In many states (such as Alabama, Arkansas, Connecticut, Florida, Kansas, Kentucky, Oklahoma, South Dakota, Washington, West Virginia, and Wyoming), workers' compensation is usually considered the exclusive remedy for sexual harassment claims.

However, in other states additional remedies may also be available. For example, under Title VII of the 1964 Civil Rights Act, several types of remedies are available including back pay, front pay, compensatory damages, punitive damages, and injunctive relief. Other remedies may include conciliation or mediation. Title VII’s prohibition against sexual discrimination includes both sexual harassment and pregnancy discrimination.

A recent case in Iowa (McCoy v. Thomas L. Cardella & Associates) illustrates this: a call center employee claimed negligence against her employer for failing to protect her from sexual-related assault and battery by her supervisor. Her employer moved to dismiss her suit on the grounds that the Iowa Workers’ Compensation Act makes workers’ compensation the exclusive remedy.

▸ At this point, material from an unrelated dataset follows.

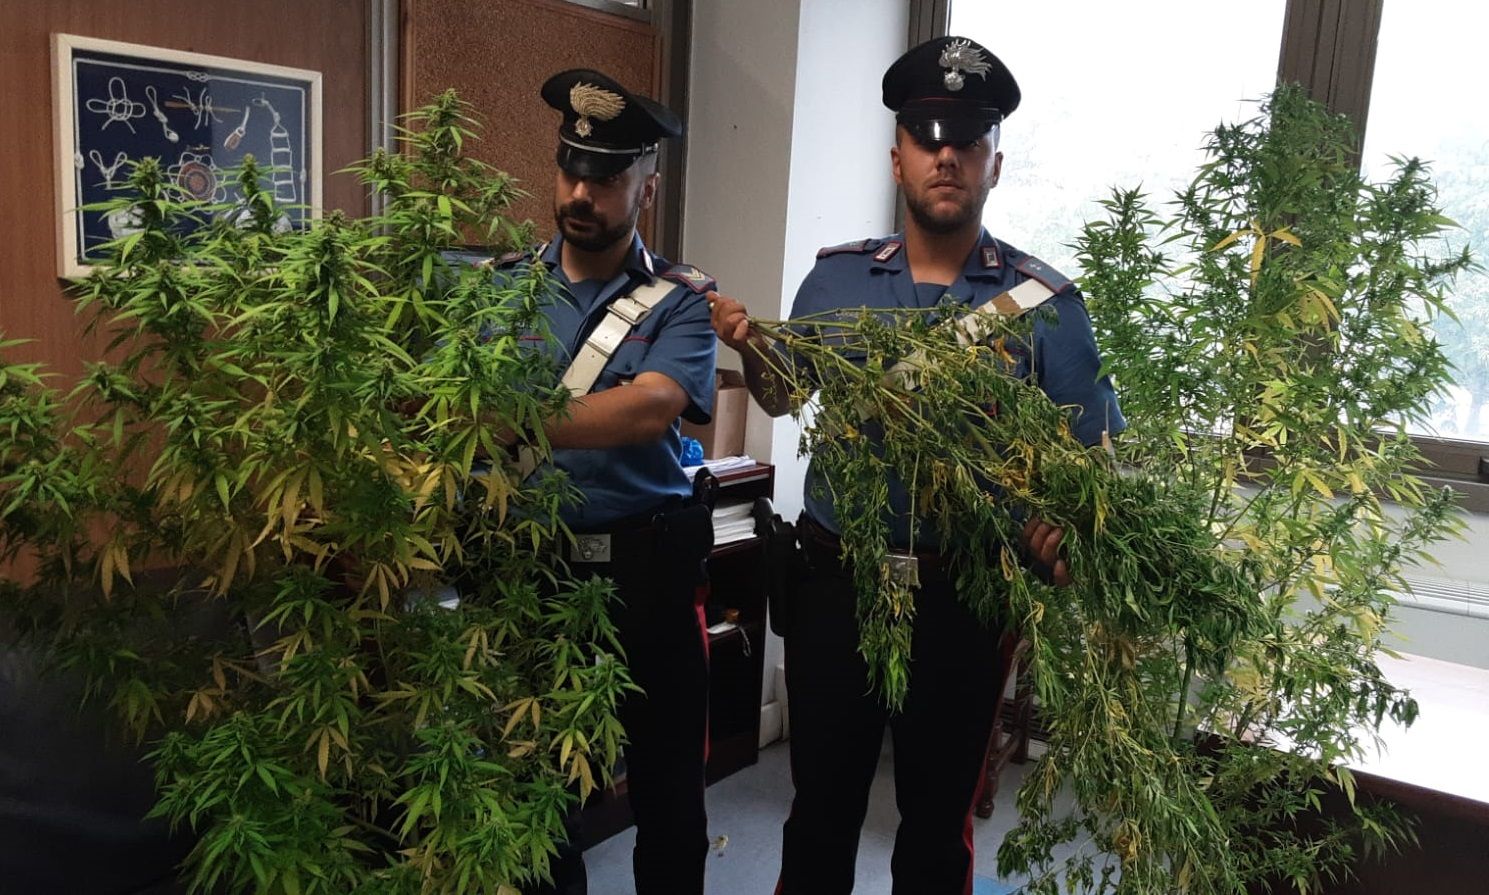 I Carabinieri sequestrano piante cannabis al Quarticciolo

Nonetheless, a jury awarded the woman $400,000 for emotional distress. The employer appealed the ruling to the Iowa Supreme Court, which reversed, saying the lower court erred in its decision.
“When an employee is injured by the tortious acts of another employee at work [the supervisor], the workers' compensation exclusivity rule precludes a common law tort action against the employer for the resulting injuries, even when the co-employee’s conduct is intentional,” said the state’s highest court.

“Bringing tort actions involving sexual harassment against an employer — such as intentional infliction of emotional distress, negligent infliction of emotional distress, assault, battery, defamation, and invasion of privacy — collide with the exclusive remedy provision written into state law.”

It should be noted though that the reason the plaintiff sued for negligent supervision was because she missed the two-year deadline for making a hostile work environment claim under the Iowa Civil Rights Act (Iowa Code Ch. 2016). Presumably, she would have been granted relief under that law if she had filed her claim timely.

The bottom line is that sexual harassment claims as they pertain to workers' compensation law can be complicated and vary by jurisdiction. Please discuss any concerns you may experience as an employer in this regard with a knowledgeable attorney.